Early Dysfunction of Substantia Nigra Dopamine Neurons in the ParkinQ311X Mouse

Round 1

Reviewer 1 Report

Well written simple characterization paper

comments:

What are the levels of Park protein in wt and mutant mice? is there comparable levels of expression? if not does this contribute to effects seen?

Localization of the mutant and WT Park? Possible miss localization as a contributing factor?

Is there an increase, decrease or mislocalization of the mutant park in dystrophic mitochondria?

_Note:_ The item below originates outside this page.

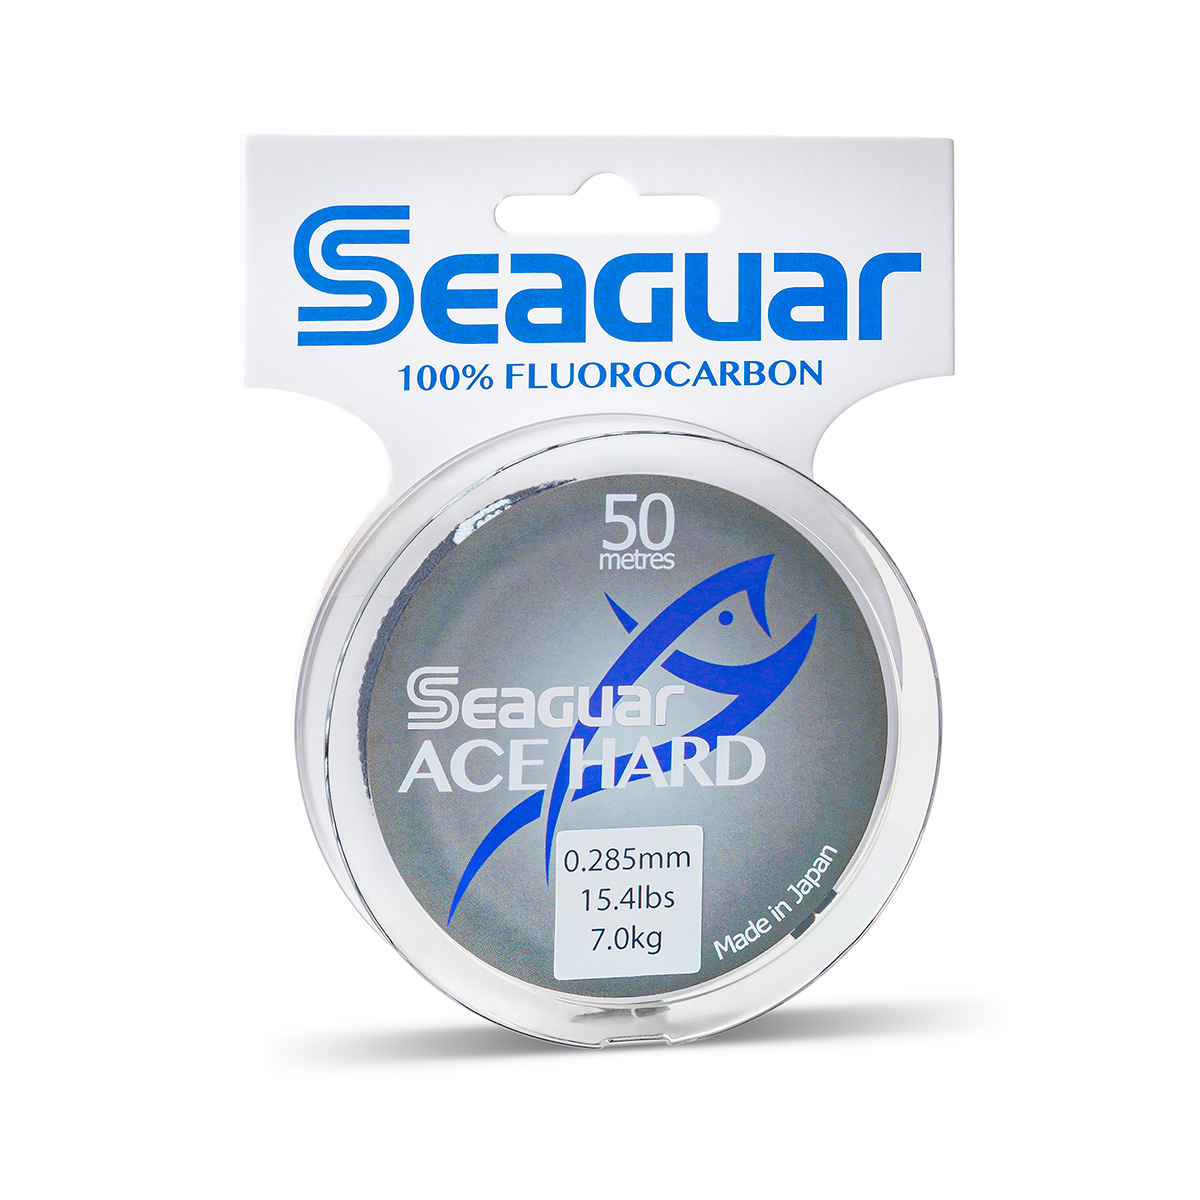 Seaguar ACE Hard - Seaguar

Figure 3 image seems messed up with a blot missing

How many animals were used for counting the mitochondria? Just shown is a total not average percentage per mouse

Author Response

Please see the attachment

Author Response File: Author Response.pdf

Reviewer 2 Report

Review for Biomedicines-1188179

This paper characterized the early changes in dopaminergic neurons (DNs) in Substantia Nigra pars compacta (SNc) in a parkin-based genetic model.  The model was developed by the Yang group in 2009 (Ref #7) and since intensively studied around the world.

The model involves BAC transgenetic mice expressing human mutant ParkinQ311X, which develops both age-dependent DNs phenotypes and slowly progressive motor phenotypes that start at ~16-month of age.  This research was focused on the DNs changes at 1-month old that precede neurodegeneration.

It reported DNs changes in three aspects:

1. Spontaneous burst-firing activities, measured by in vivo single-unit extracellular recordings.
2. Mitochondrial morphology, observed through transmission electron microscopy.
3. Number of vacuoles in TH+ neurons in SNc, using Immuno image analysis.

The experiments were well performed and thoroughly analyzed. It will provide valuable information for the study of the dominant toxic mechanism elicited by the ParkinQ331X mutant.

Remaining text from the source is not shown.